My question is, while I’m not shocked that a bank like Chase is going to keep that over me always, technically isn’t that illegal? I thought that they aren’t allowed to refer to that once I have went thru the 7.5 year period of it coming off my credit report. Thanks for any help on the matter. \u2014 Mack
Dear Mack,
You should feel proud that you have been able to restore your credit standing following some tough times a number of years back. Yet it looks like you have recently been presented with a reminder of how the past you thought was gone can still rear its head.
By now, it’s common knowledge that negative but accurate information must eventually be purged from credit reports. That may have led you to believe that once your Chase charge-off had been removed from your credit report, it would no longer hurt your ability to obtain new credit. But you found out otherwise.
Answering your question, Chase’s denial of credit to you for the reason stated is legal and is based on the same kind of common sense that any of us might employ if we were in a lender’s shoes. It’s the kind of sense that says one should think twice before extending new credit to someone who defaulted on a debt in the past.
This is what Chase has done by denying you credit based on an old charge-off you had with them. And while the Fair Credit Reporting Act establishes the length of time information can appear on a credit report, neither it nor any other law prevents a lender from denying a credit application because the applicant defaulted on a past debt. It’s not on your credit report anymore, but it is in their internal files.
You haven’t told us whether any of those debts had eventually been paid after charging-off. If any have not, be aware that for any charged-off debts that still remain unpaid after their removal from a credit report, some additional impacts could result. Including what you’ve experienced, there are at least three examples of how some aftershocks following an old unpaid debt can continue to be felt many years later and after all evidence of the debt has been removed from the credit report:
- Denial of new credit
- Filing suit to collect
- Continuing to collect
1. Denial of new credit
Your situation is one example in which a current credit application is denied due to derogatory information that is no longer being reported by the credit bureaus. Some lenders may also refuse to extend credit to consumers who filed for bankruptcy so long ago that all references to the bankruptcy have been removed from the credit files. Public records, such as judgments, tax liens and bankruptcies, remain accessible to lenders and the general public after the credit bureaus have stopped reporting them.
2. Filing suit to collect
The length of time during which a consumer can be sued to collect a debt is set by the statute of limitations that applies to the state where the consumer resides.

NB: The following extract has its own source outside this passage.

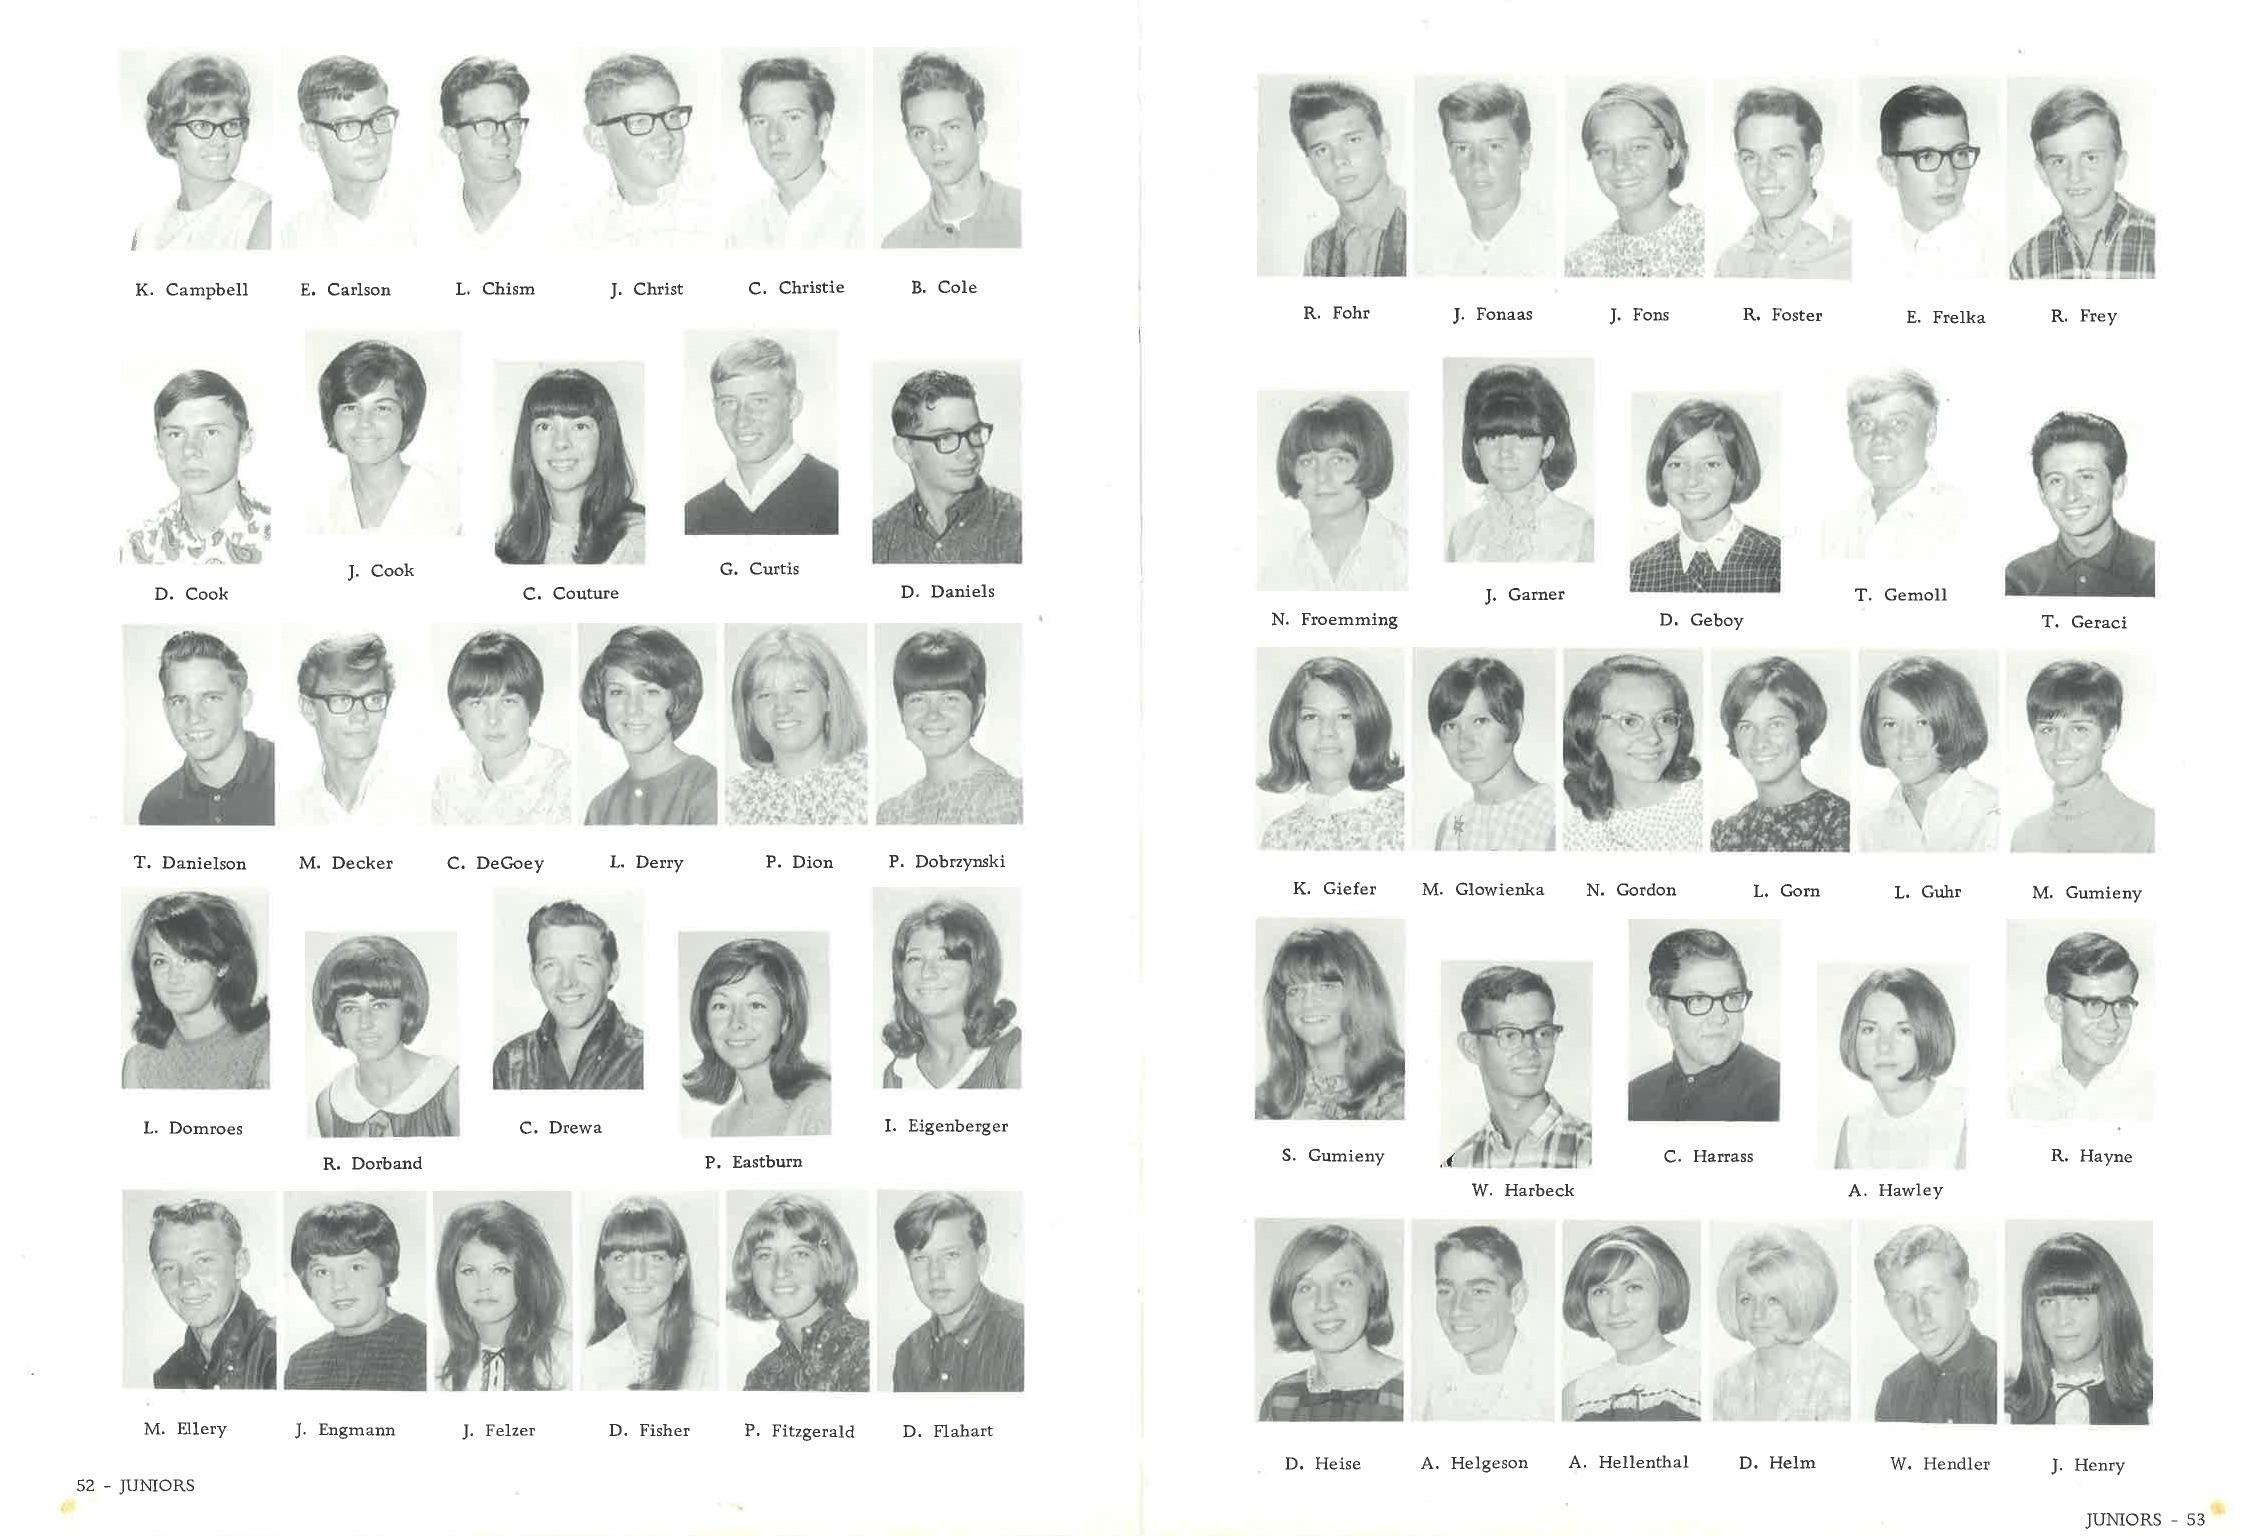 1968_Yearbook_27.jpg

These rules tend to vary among states, with most statutes of limitations for debt collection ranging from three to six years from the date the debt first went past due, though for a few states the term can be up to 10 years. Consumers living in these states and having unpaid defaulted debts up to 10 years old, whether on or off their credit reports, can continue to face the possibility of a lawsuit.
3. Continuing to collect
Despite a debt having fallen off a credit report and the statute of limitations having expired, a collector can continue to contact a debtor for payment, providing the consumer’s rights under the Fair Debt Collection Practices Act are respected. Fortunately for consumers, and thanks to the FDCPA, any debtor aware of his/her right to stop all further communications from a collector can simply provide the collector with a written request that all future contact be ended. Without such formal notice, a creditor can contact a consumer for payment on an old debt indefinitely.
In spite of the negatives just described for holders of old, and particularly unpaid old debt, there is a plus side to all of this. Many card companies and other lenders understand how someone like you who has experienced problems in their past can still present low future credit risk. Seek out those lenders willing to let some credit bygones be bygones. They’re out there.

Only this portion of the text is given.